Personal information
- Born: August 7, 1976 (age 49) East Bernard, Texas, U.S.
- Listed height: 6 ft 2 in (1.88 m)
- Listed weight: 240 lb (109 kg)

Career information
- High school: East Bernard
- College: Texas A&M (1996–1999)
- NFL draft: 2000: 5th round, 142nd overall pick

Career history
- Oakland Raiders (2000–2012); Houston Texans (2013–2017);

Awards and highlights
- 6× First-team All-Pro (2000, 2003, 2004, 2008–2010); 3× Second-team All-Pro (2001, 2007, 2011); 7× Pro Bowl (2001, 2004, 2007–2011); 4× NFL punting yards leader (2003, 2008, 2009, 2017); Golden Toe Award (2009); NFL 2000s All-Decade Team; NFL 2010s All-Decade Team; NFL 100th Anniversary All-Time Team; PFWA All-Rookie Team (2000); 2× First-team All-American (1998, 1999); Second-team All-American (1997); 3× First-team All-Big 12 (1997–1999); NFL records Most career punting touchbacks: 178;

Career NFL statistics
- Punts: 1,444
- Punting yards: 68,678
- Average punt: 47.6
- Inside 20: 469
- Extra points attempted: 7
- Extra points made: 7
- Kickoffs: 19
- Kickoff yards: 1,210
- Stats at Pro Football Reference

= Shane Lechler =

American football player (born 1976)

Edward Shane Lechler (/ˈlɛklər/; born August 7, 1976) is an American former professional football player who played as a punter for 18 seasons in the National Football League (NFL). He played college football for the Texas A&M Aggies and was selected by the Oakland Raiders in the fifth round of the 2000 NFL draft. Lechler also played for the Houston Texans.
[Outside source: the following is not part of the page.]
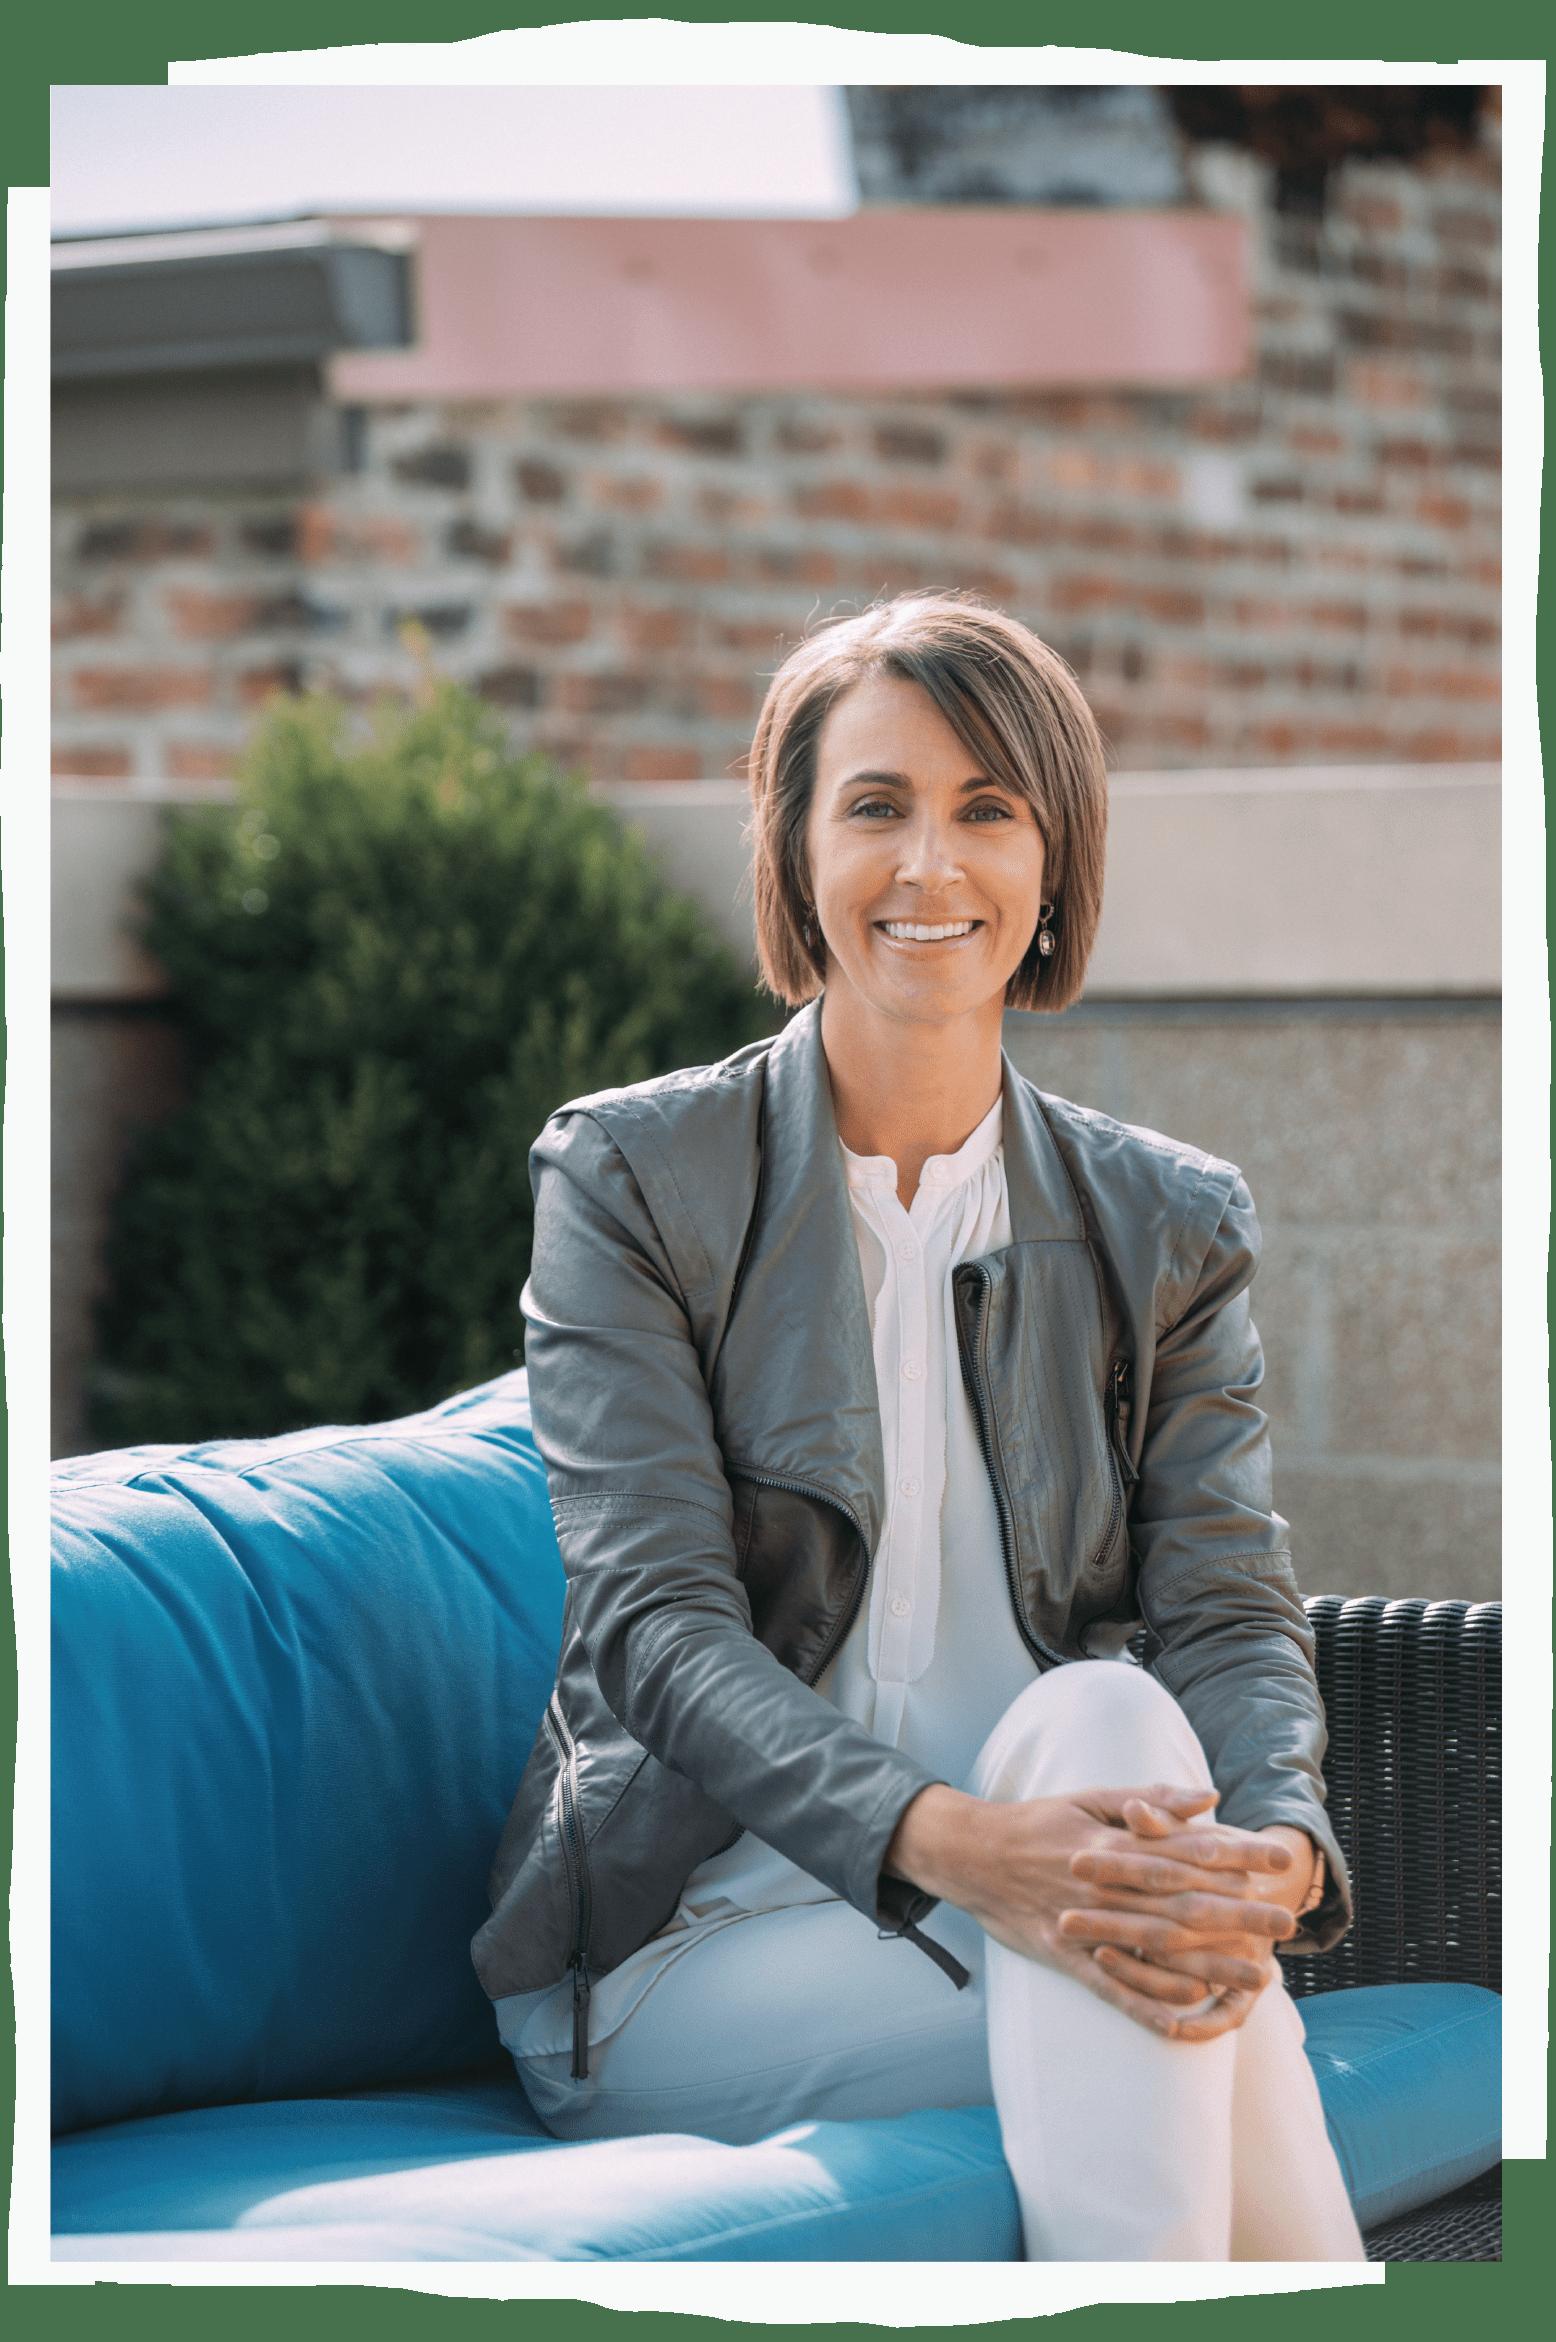 Amanda Hill, President of Female Forward

Regarded as one of the greatest punters in NFL history, Lechler was named an All-Pro nine times during his career, and made seven Pro Bowls. He led the league in punting average five times and was the NFL's all-time leader in career punting average for nearly two decades. Lechler was one of two punters named to the NFL 100th Anniversary All-Time Team, along with Hall of Famer Ray Guy.

==Early life==
Lechler attended East Bernard High School in East Bernard, Texas, and was a standout in football, basketball, golf, and baseball. As a quarterback, punter, and placekicker, Lechler led East Bernard to the state quarterfinals during his senior year, completing 87 of 101 (86.1%) passes for 1,640 yards and 11 touchdowns. In his high school career, Lechler passed for nearly 5,000 yards and averaged 41.6 yards per punt. His longest punt in high school was 85 yards.

==College career==
Lechler attended Texas A&M University and played for the Aggies football team from 1996 to 1999. A versatile player, he was not only the Aggies' punter but also kicked off, was the long field goal kicker, served as the holder for short field goals and PATs, and was the emergency quarterback. As a junior, he completed a 29-yard pass on a fake punt against Baylor and threw a touchdown pass to Dan Campbell on a fake field goal in a hard-fought 17–10 win against Texas Tech.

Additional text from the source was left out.